На Огузок выселяли тех, кому не хватило места на Остове. Наше великолепное правительство снабжает жильем исключительно достойных граждан нашего оплота, оставшихся же недостойных приходится выселять на Огузок. Воры, убийцы, торчков и прочих дебоширов. Поговаривают, калек и больных сюда тоже отвозят. На Остове их, по крайней мере, никто не видит. Или мы просто поразительно здоровая нация.
Огузок – это место, куда попадают низкосортные люди. Такие рабочие ресурсы, которые убивать жалко, а под боком держать неприятно. Сейчас в их число попал и я… еще две недели назад лучший ученик Белого Нарвала, а теперь кто? Отброс общества, ненужный кусок плоти, которое до конца дней своих будет гнить в других отбросах.
– Начнешь работать отсюда. Все просто. Ищешь себе маску и мотыгу. Потом находишь кучу разлагающейся меналии и размазываешь тонким слоем по поверхности, – объяснял Карпуша, ведя меня по улицам, где работали другие люди.
Стройные груды мусора, в которых местные прорубили себе дороги, казались чем-то вроде пластов горной породы. В этих лабиринтах не трудно было заблудиться.
– Тебе ведь не надо объяснять, что такое миналия? – спросил Карпуша, искоса глянув в мою сторону.
– Зараженная водоросль, – мне даже не пришлось думать над ответом. Пока шел суд и меня определяли на Огузок, я многого наслушался от стражников, сторожащих меня в яме.
Миналия – это результат древней катастрофы. Некогда живительное растение, теперь ядовитая и опасная для людей жижа зеленого цвета. За несколько часов она разлагается в невероятно полезную штуку, которая помогает травам и овощам расти на глазах. Чтобы поскорее получать из ядовитых отходов свеженькое удобрение, правительство обязало жителей Огузка следить за гниением, перемешивать субстанцию, тщательно прогревая ее на солнце. Новички тут же заболевали и почти все умирали от вдыхаемого яда. Но те единицы, которым удавалось выжить, могли есть миналию на завтрак.
– Зеленая миналия – перемешивай, темно-коричневая – собирай в ведро и относи в кучу. Ее будут забирать каждый вечер. Как прозвучит сигнал, возвращаешься сюда, – Карпуша указал на зелено-белый кусок тряпки, уныло повисший на ржавой арматуре. – Это – наш флаг. Мы работаем только за зелеными флажками. Сунешься к чужим – побьют. Из мусора брать можно все, что захочешь, но, если устроишь обвал, под ним и сдохнешь: выкапывать никто не станет.
– Так точно, – я уныло отдал честь.
– Работай, шут!
Карпуша махнул мне рукой, мол, пшел отсюда, и отвернулся, чтобы прикрикнуть на кого-то.

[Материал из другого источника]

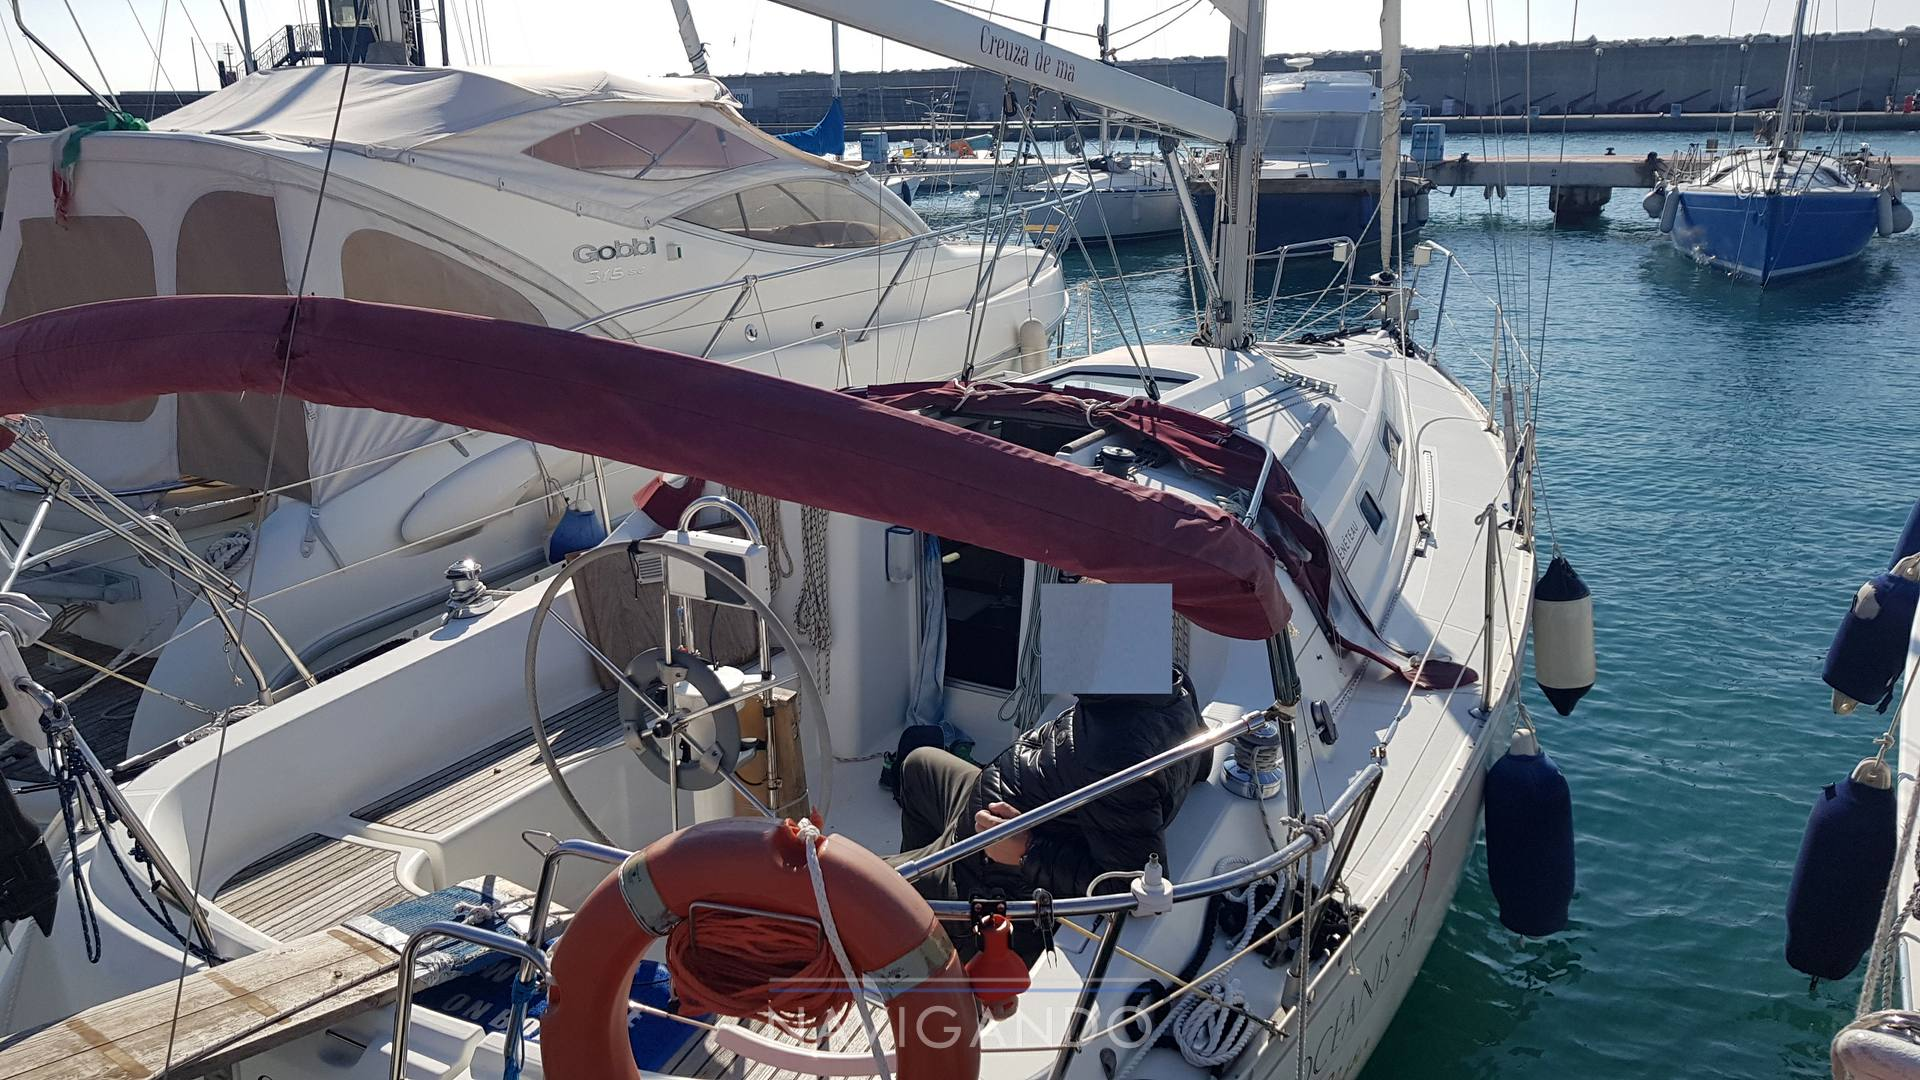 Beneteau Oceanis 311 sailing boat

Больше я ему был неинтересен.
Развернувшись, я зашагал прочь, подальше от людей и громкого голоса подрывника: после грибов все в голове немного плыло, и громкие звуки отдавались тупой болью в затылке.
Уйдя с площади, где собирались рабочие, я прошел около двухсот метров, и тогда вдруг оказался в полной тишине. Ни голоса.
Я остановился.
Там, на Остове, никогда нельзя было уйти от человеческих голосов: они были повсюду, эхом отражались от каменных стен снова и снова, наполняя гигантский купол своим суетливым звучанием. Этот звук всегда был с тобой. Куда бы ты ни пошел, ты знал, что не один.
Но здесь было не так. Я вслушивался и понимал, что в моей голове звучат нечеловеческие, дикие, враждебные звуки. В них нет смысла, нет слов, нет даже эмоции, как в писке животного. Чудовищные завывания неживого монстра – природы.
Океан. Его коварные волны накатываются на берега Огузка, будто пытаются сточить ее, как сточили некогда материки. Каждый раз тихим шепотом угроза: «Поглощаю… поглощаю… поглощаю».
Ветер. Никогда раньше я его не слышал, но мне рассказывали, на что это похоже. Он гоняет пыль и срывает с тебя одежду, пасет огромные скопления газа в небе. Такой же сильный, как океан, но ему до нас дела нет, его волнуют только отбившиеся от стада клочья облаков.
Солнце. Я уверен, что слышу, как звенит его свет, и чувствую, как его лучи щупают мою одежду, ища хоть щелочку. Кровожадный хищник! Рыбаки говорили мне, что безопаснее оказаться в бассейне с акулой, чем под открытым солнцем без навеса. Оно сожрет тебя живьем, и не подавится.
Они были правы.
Я поплотнее натянул капюшон, но нос все равно выглядывал. Он покраснел и его сильно жгло, но ткани не хватало для защиты.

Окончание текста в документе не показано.